GitHub offers a number of other features and uses. While it was originally designed for software development, a GitHub repository can serve as free cloud storage for any project and virtually any type of file (within limits; files are limited to 100 MB and repositories to 100 GB). GitHub also offers GitHub Pages, which allows you to host a website in a GitHub repository; instead of the repository’s URL leading to a typical GitHub page, it shows the home page of the web site. This book is hosted on GitHub, as are all of the workbooks for this course. If you are taking this course for credit, you can gain bonus points by creating a profile of your work on GitHub Pages.
Github was founded by three developers in 2008, and sold to Microsoft in 2018 for US$7.5 billion, making each of its founders billionaires before the age of 40. Beyond just being a bit mind-boggling, that should tell you something about the value (literally) of the GitHub service to the tech community. GitHub reports having over 50 million users and over 100 million repositories as of 2020. While anyone can create a free account and host public or private repositories, GitHub derives income from premium plans oriented towards large companies.
Although GitHub makes extensive use of the software tool
git, they are distinct entities. The open-source software tool
git was created in 2005 by Linus Torvalds, the creator of the Linux operating system, as a tool for distributed version control. Git can be used without a GitHub account; there are alternative public hosting sites for git repositories, and one can host a repository on virtually any computer.

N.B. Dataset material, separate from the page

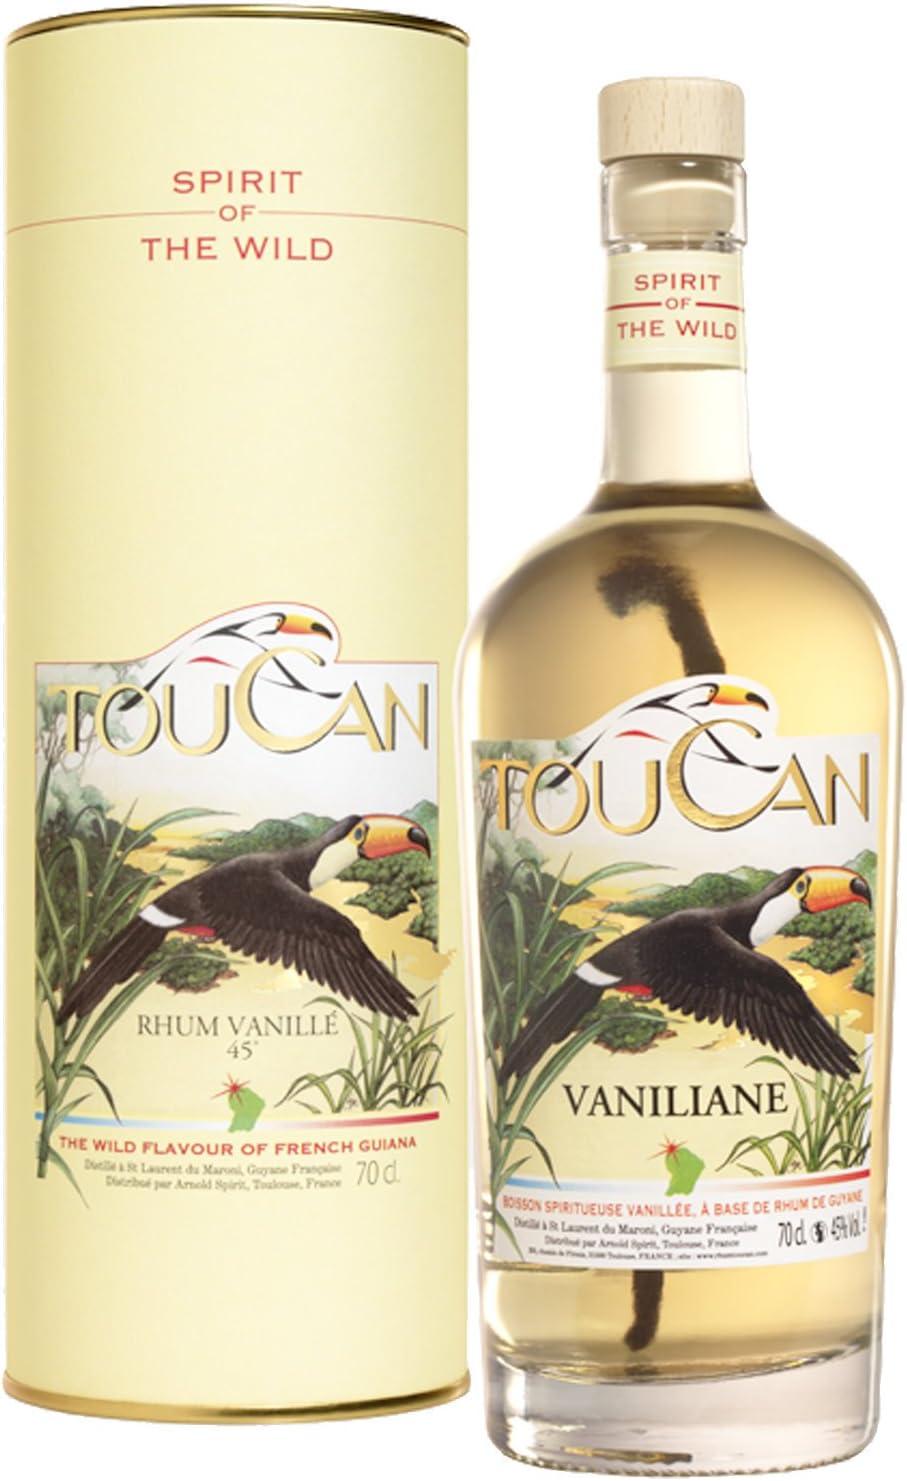 Ron Toucan Vaniliane 45 ° - 70 cl: Amazon.es: Alimentación y ...

GitHub builds extensively the functionality of the
git tool in its cloud hosting and collaboration services, but ultimately the core tasks of cloning, branching, pushing, and merging are all performed by the
git application. As well, when working on one’s own computer, one can either perform git commands from the command line (in a terminal), or through a variety of desktop applications, including GitHub Desktop and GitKraken.
This is an example of the power of open source software. The people who created GitHub and turned it into a multi-billion dollar business did not write git, and the developers of git did not share in the profits when GitHub was sold. Nonetheless, the git developers’ work ultimately enabled the largest repository and distribution hub for free software in the world — something to be proud of, even if it didn’t make them rich! On the other hand, had the git developers insistent on charging people to use git, then GitHub could not have offered its services to tens of millions of people for free.
GitHub’s data is very well backed up, and the company has a Disaster Response Team that can be deployed to help recover data in the event of a disaster. GitHub’s Arctic Code Vault is a project to preserve open-source software for 1,000 years, by storing it in a vault in the Arctic.
GitHub’s logo, seen at the top of this page, is called the Octocat, which has become a meme in its own right, and has its own GitHub page, the Octodex. There is also an Octocat Generator, which is a great way to give your brain a break from learning how to code!